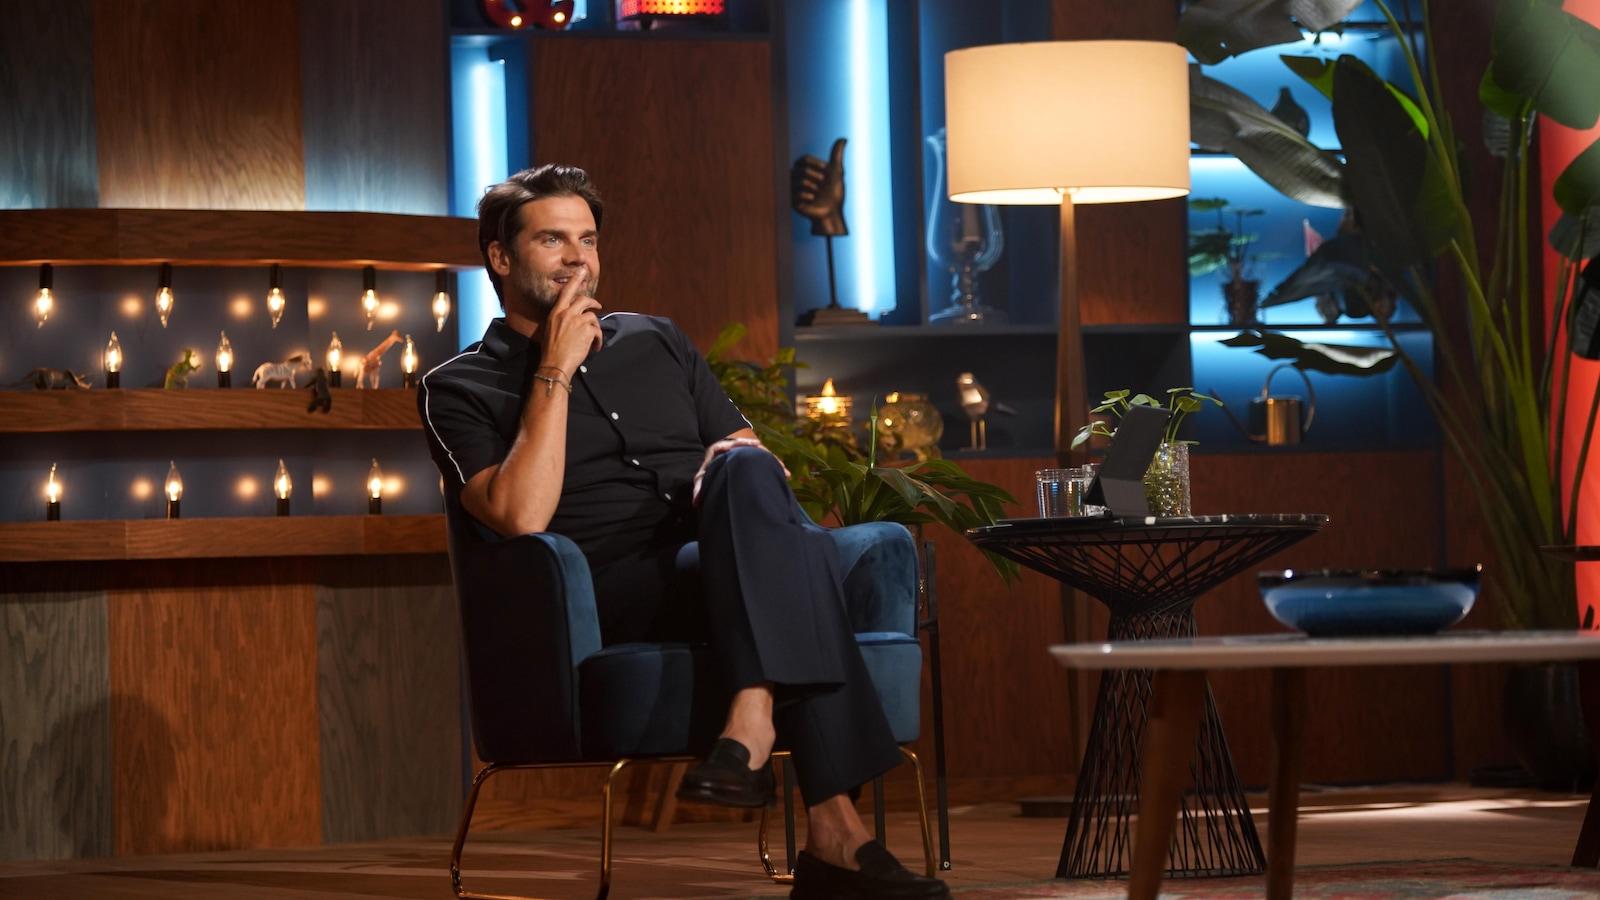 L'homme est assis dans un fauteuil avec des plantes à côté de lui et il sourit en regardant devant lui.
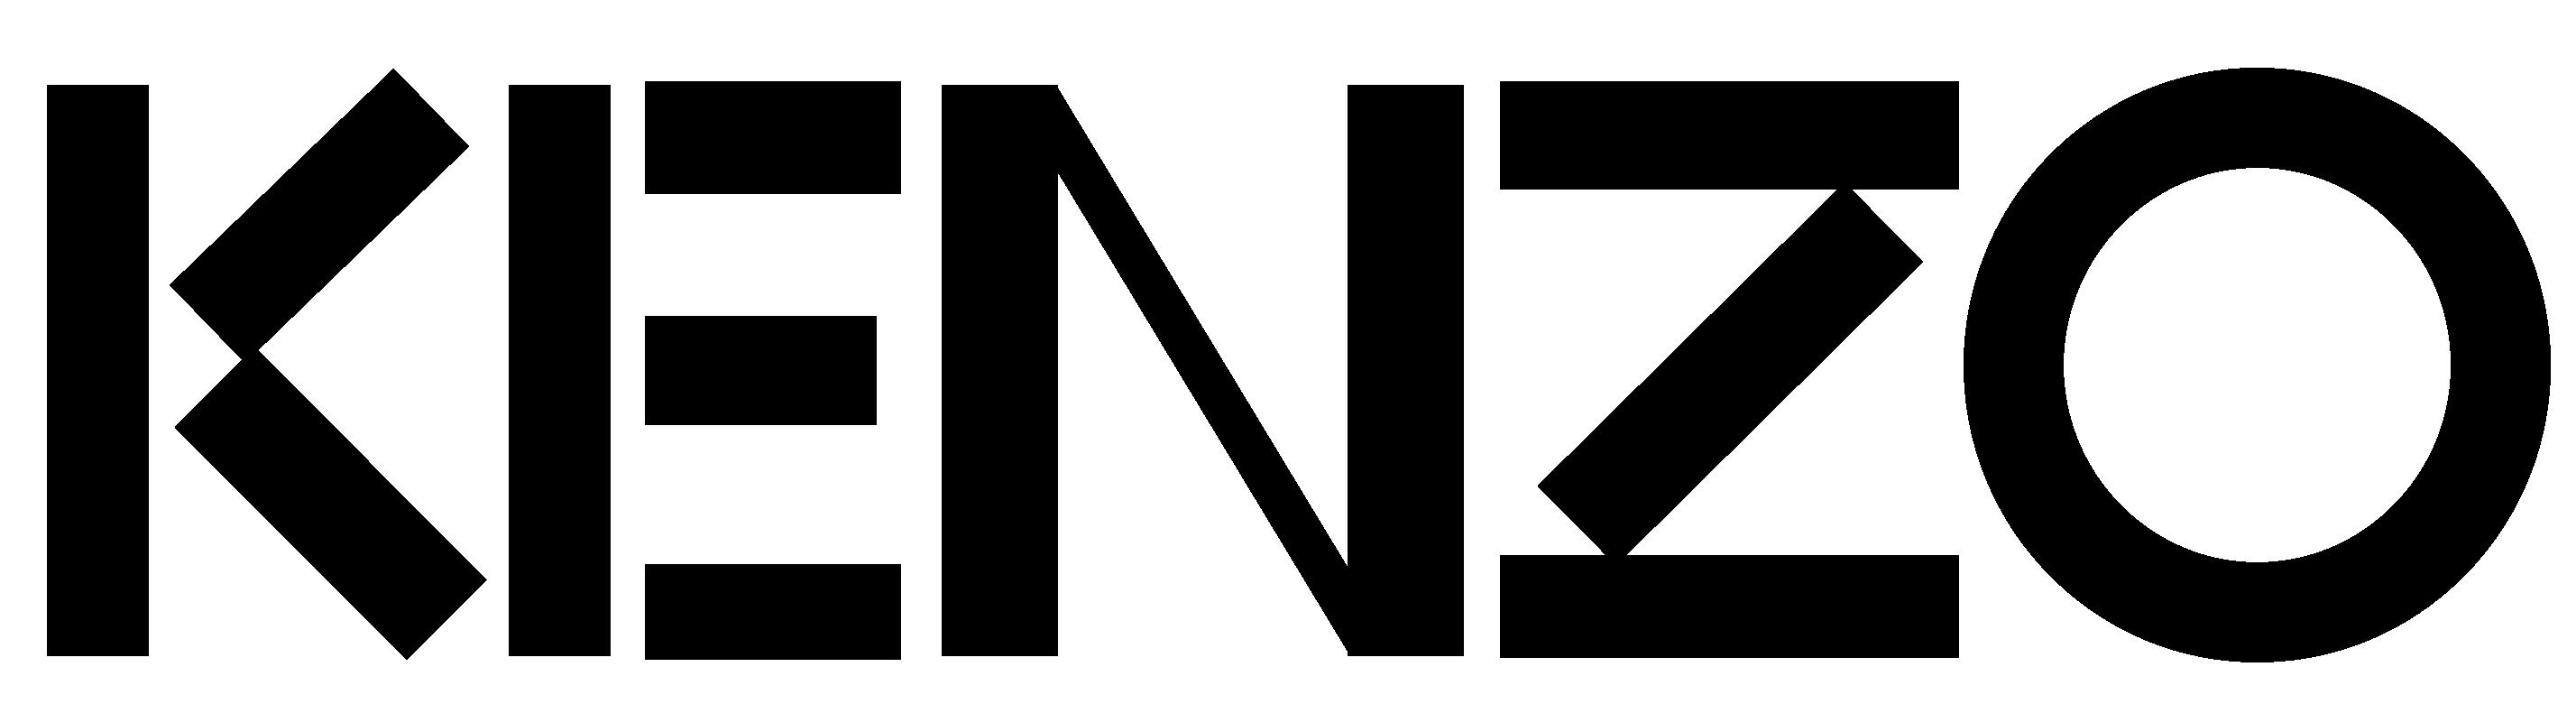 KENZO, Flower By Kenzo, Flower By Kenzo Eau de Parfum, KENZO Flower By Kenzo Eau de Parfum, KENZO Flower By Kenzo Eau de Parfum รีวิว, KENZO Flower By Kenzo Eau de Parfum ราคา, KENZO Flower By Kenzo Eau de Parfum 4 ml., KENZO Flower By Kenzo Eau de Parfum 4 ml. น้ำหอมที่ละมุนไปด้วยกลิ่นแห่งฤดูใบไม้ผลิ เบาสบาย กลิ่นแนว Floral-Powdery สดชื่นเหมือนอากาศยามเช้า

——

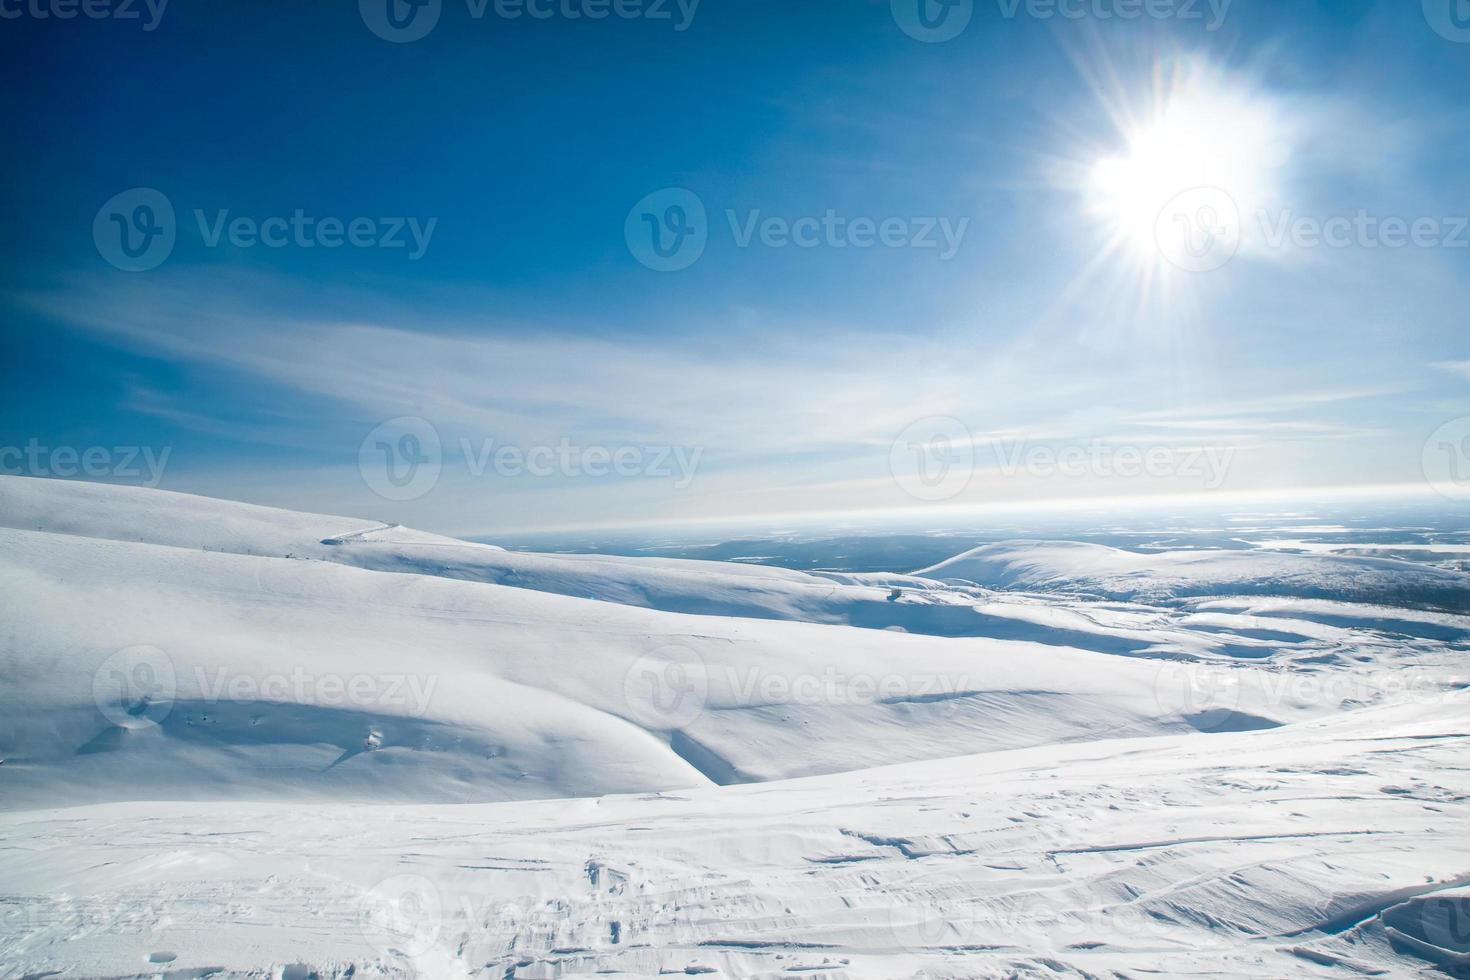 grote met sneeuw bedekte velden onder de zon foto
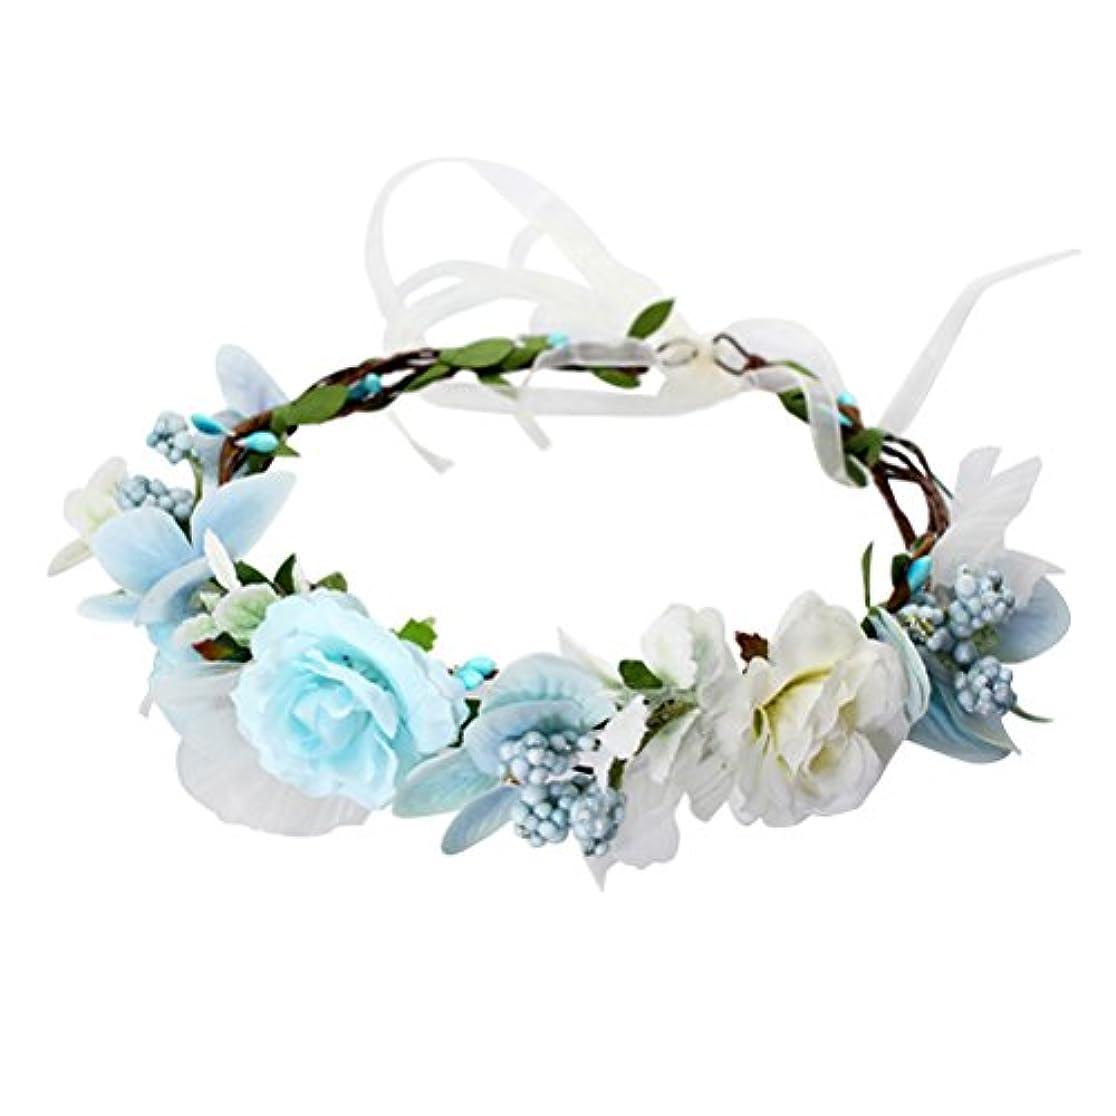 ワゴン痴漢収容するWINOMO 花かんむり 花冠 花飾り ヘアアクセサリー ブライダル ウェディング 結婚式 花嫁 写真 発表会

——

ASSIGNMENT |
Above this task is a listing with pictures in it. Retype only the lines from the one containing "L'homme est assis" through the one containing "KENZO, Flower By Kenzo, Flower", both included, and not the pictures.

TASK RESPONSE |
 L'homme est assis dans un fauteuil avec des plantes à côté de lui et il sourit en regardant devant lui.
 KENZO, Flower By Kenzo, Flower By Kenzo Eau de Parfum, KENZO Flower By Kenzo Eau de Parfum, KENZO Flower By Kenzo Eau de Parfum รีวิว, KENZO Flower By Kenzo Eau de Parfum ราคา, KENZO Flower By Kenzo Eau de Parfum 4 ml., KENZO Flower By Kenzo Eau de Parfum 4 ml. น้ำหอมที่ละมุนไปด้วยกลิ่นแห่งฤดูใบไม้ผลิ เบาสบาย กลิ่นแนว Floral-Powdery สดชื่นเหมือนอากาศยามเช้า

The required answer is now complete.